I would like to get into kitless Fountain pens, could anyone help me with what exactly I need for the whole process? What materials would you recommend? Tips on making the pen would be helpful too. Thank you in advance - Sebastian


----------



## dthayer (Feb 12, 2017)

Howdy!

I've never done one (want to sometime, though) but I found what looks like a good tutorial in the library section: Kitless Fountain Pen Tutorial.

Good luck!


----------



## mredburn (Feb 12, 2017)

1- Draw the pen you want to build. It doesnt have to be a cad drawing to work.
2- Decide on dimensions,  lengths, diameters inside and out. (ID and OD)
3- At some point choose a brand of Fountain Pen nib and feed you want to use.
Figure out where the threads have to go and what ID and OD you will need for them
Figure out how to hold it while you make it. 

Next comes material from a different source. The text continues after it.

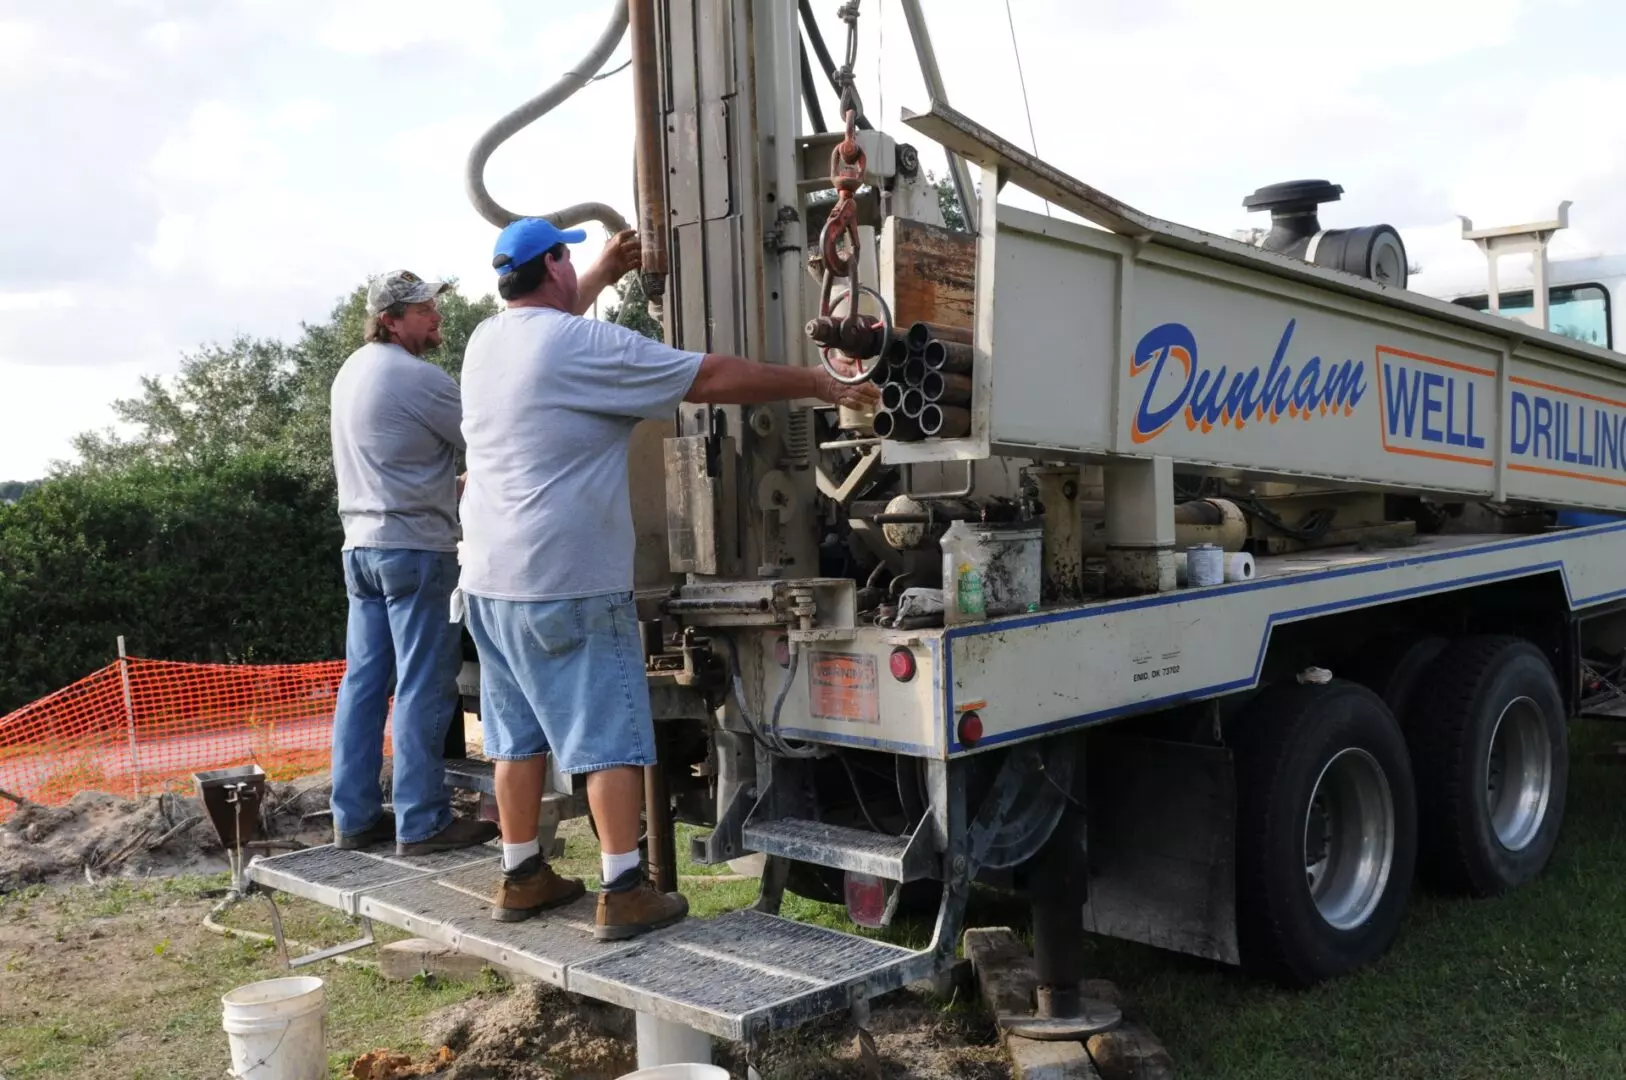 Dunham Well Drilling, Inc.

Drawing the pen will help you focus on the relationships between the parts. If you make one bigger does it make something else bigger or?  For metric you can subtract the Pitch from the diameter to get the hole size you need and for the Tenon that will be threaded. Subtract about .2mm from the diameter.  
Alumilite blanks, aluminum, Ebonite are good materials to make a kitless pen.


----------



## jttheclockman (Feb 12, 2017)

dthayer said:


> Howdy!
> 
> I've never done one (want to sometime, though) but I found what looks like a good tutorial in the library section: Kitless Fountain Pen Tutorial.
> 
> Good luck!



This is a great tutorial and there are great tips in there. Amazing what is in the library here.


----------